Happy New Year. Happy New Year! Happy New Year? I just don't know how I feel about this yet.
For the first time since I was pregnant with Ben, I have crossed into a new year feeling a bit defeated. I have had a very strange break. Dave was home for over a week (great!), I was sick (not great), the kids fought (bad/sad) and Kiera learned to climb out of her crib (the end of the world as we knew it). None of these things are really that strange, even when you you clump them all together. What is strange is that these are the things that I am remembering and thinking about. We had fantastic moments this week. We spent wonderful time with family and friends, did fun winter and Christmas stuff, played and played. I know all of the wonderful times that we have had but this whole break has been ever shadowed by the stress of arguing children. I have somehow allowed my demeanor to be guided by the poor behavior of my children (and vise versa?). I have been drained, sapped, trampled but the effort that it has taken to create fun times and memories for children that this week seemed determined to see, if in fact they could make me crazy.
I can honestly say that we have never experienced a week like this. If I sound a little baffled that is because I AM. I can't seem to guide my little monsters through what ever (and it could be a combination of all kinds of changes this week) is tweaking there moods into a tizzy. Playing rough, I can take. Desiring to inflict pain, I can not. They are messing with each other to the nth degree and NONE of the tricks from the old "Preschool Teacher" arsenal are working. If these were kids in my class I would have already had parents called in for a conference. You have heard the play ground mantra "I'm rubber and your glue..." well my words are bouncing off of my children is such a way that is is actually shocking other people.
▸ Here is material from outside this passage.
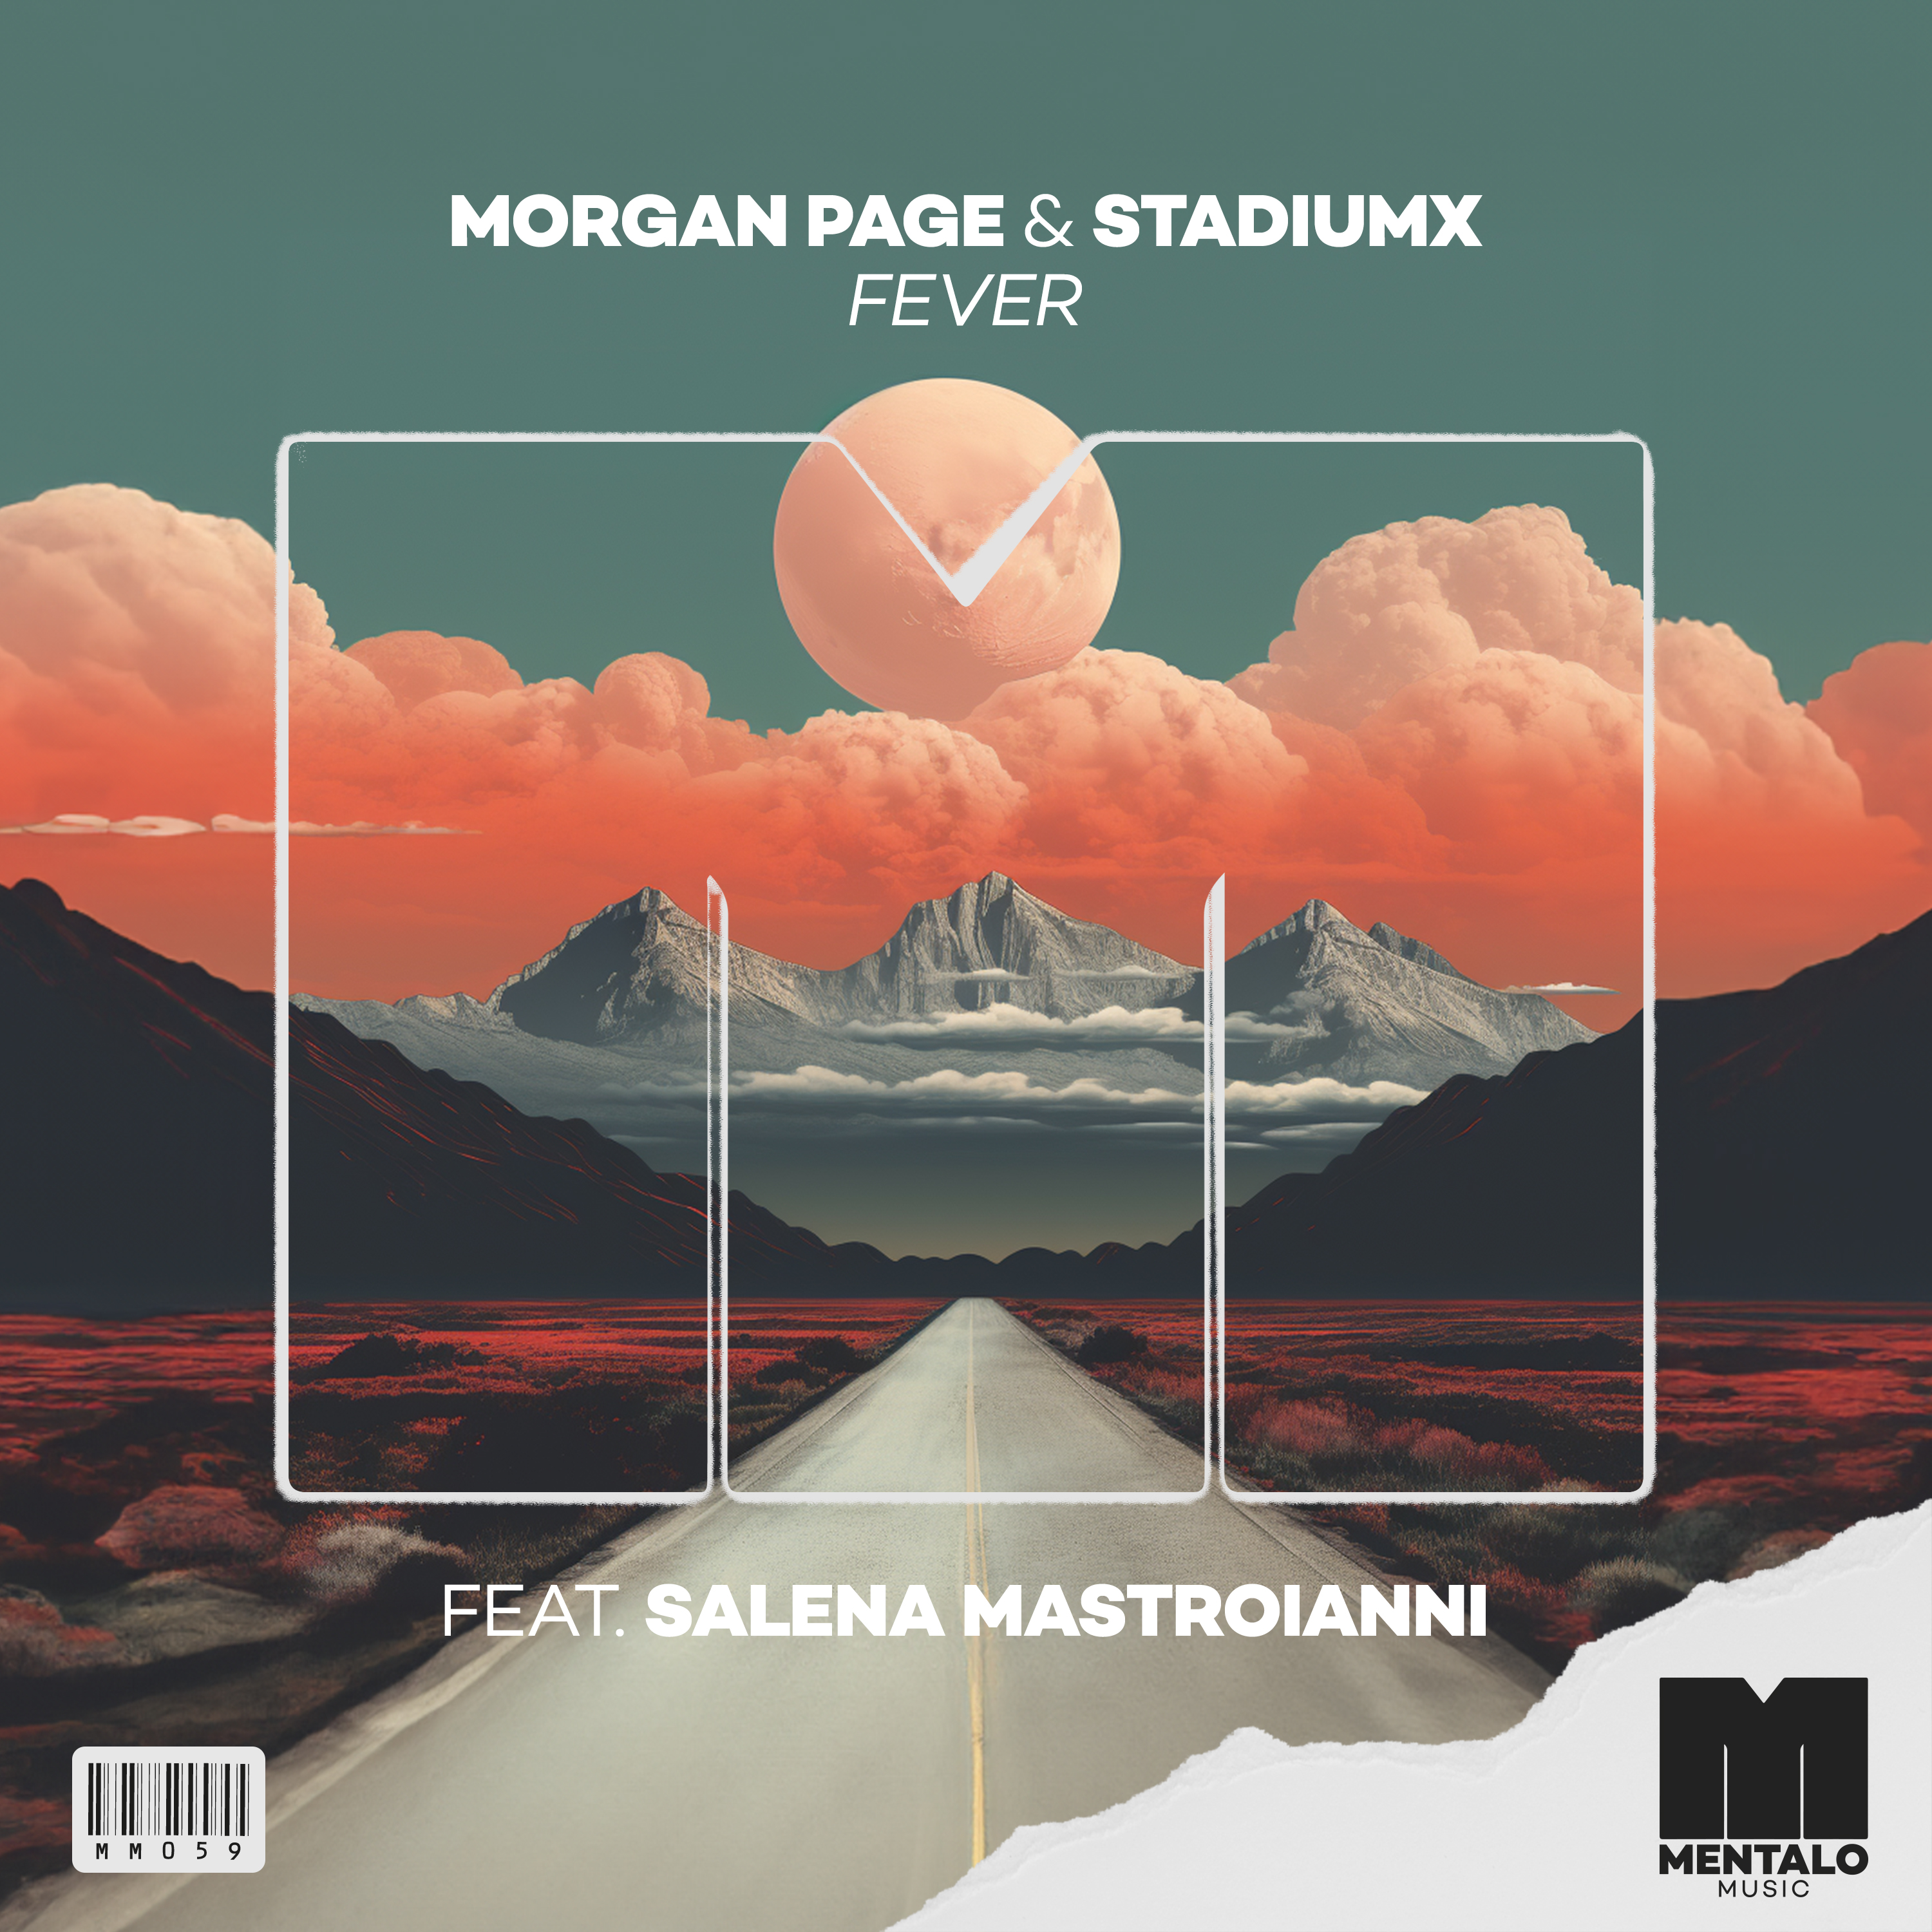 Morgan Page & Stadiumx ft. featuring Salena Mastroianni Fever cover artwork
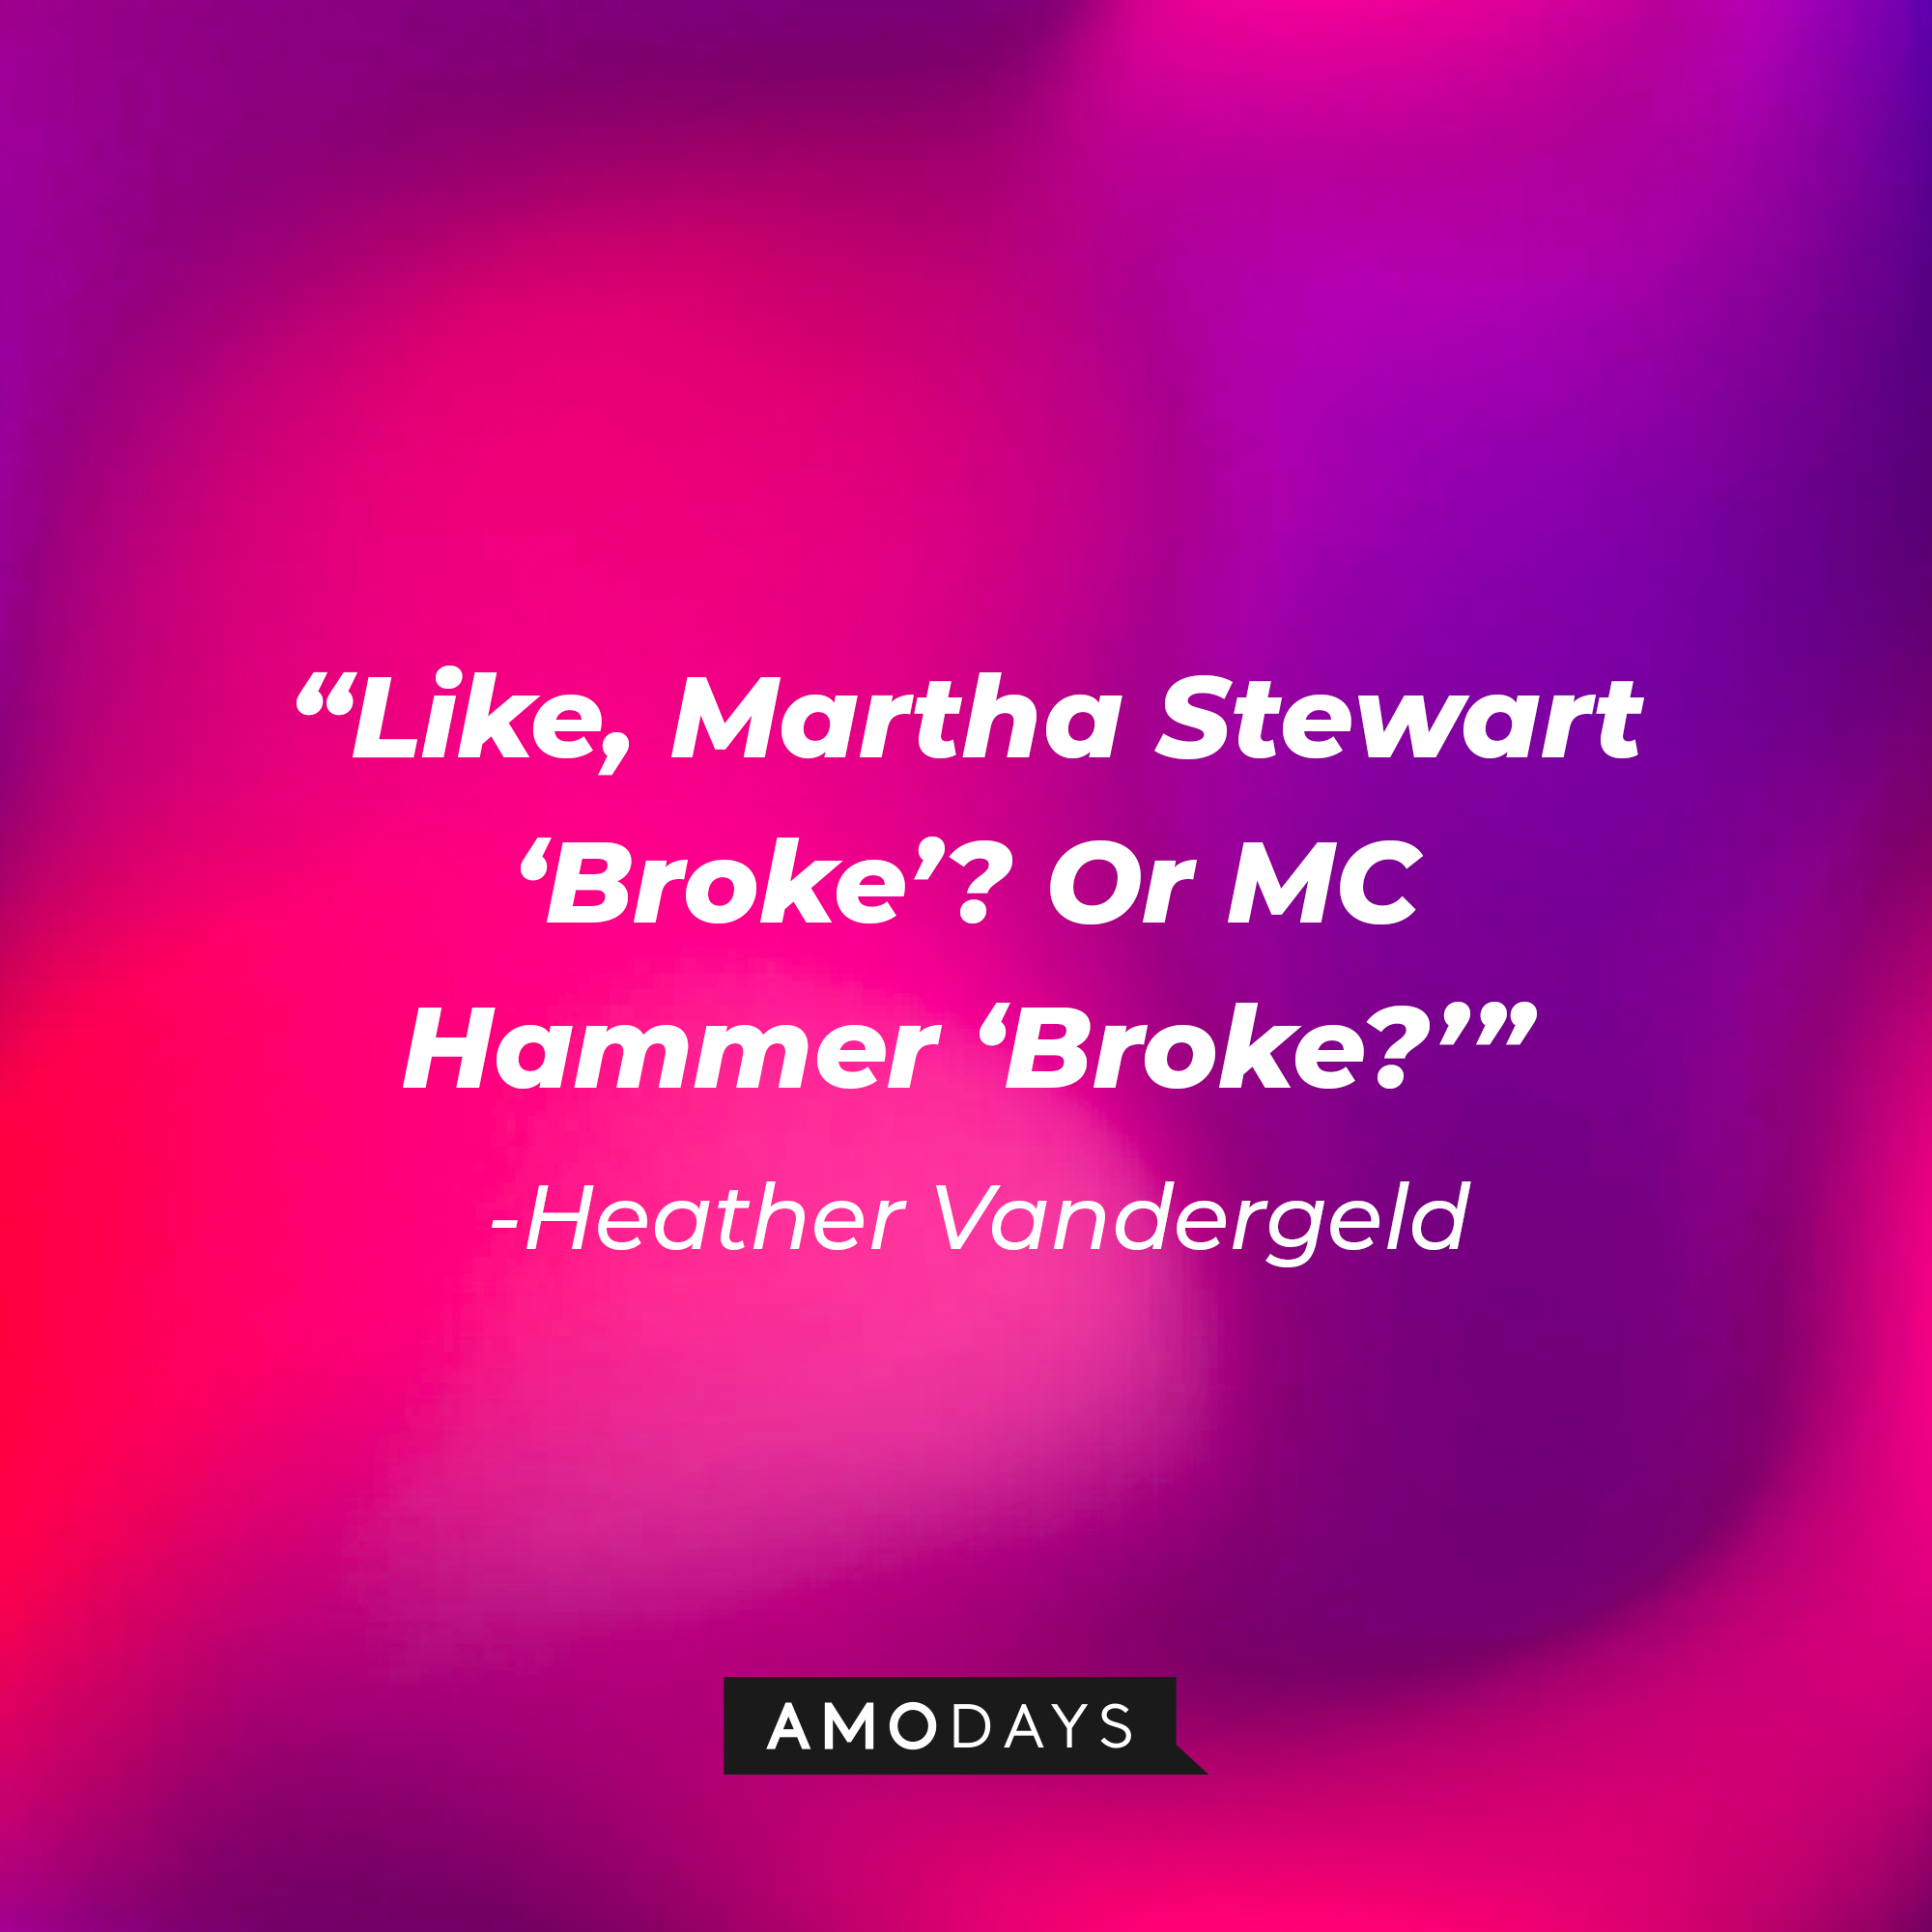 Heather Vandergeld’s quote: “Like, Martha Stewart 'Broke'? Or MC Hammer 'Broke?'"  | Source: AmoDays

A simple "Are you thirsty?" from me is met with such a venomous "No! Mama!" that the people around me look at me with that "If that was my kid I'd..." look. I had really high hopes for a low key resting and playing break but seemed to have spent the week putting out fires or at least moving them away from other so that they can burn themselves out.
I had a brief moment of relief when I thought of making it through another holiday season. The discomfort I feel when people move away from Ben at a party or get frustrated when he catches himself on there pant legs. The guilt of knowing that, if I am having an adult conversation, Ben is playing alone. More guilt when I request a movie be put on that I know he will like so I can continue my conversation. The sadness I feel for him when I know that there are a dozen kids around him and none of them has asked him to play. My wish that he will forgive having to feel alone or different at get togethers just because I would like to visit. Making it through a time of year when there is no escaping the difference between "normal" and our life feels like an accomplishment. But I have to admit, if you haven't already guessed, it breaks my heart every time. How much of this has lead to the change in attitude of my babies? How much of this are they conscious of and how much is just a tingling sensation of wrong? I am hoping for a smooth last few days to enjoy each other before school starts again. Enjoy being the key word. We will make it a Happy New Year.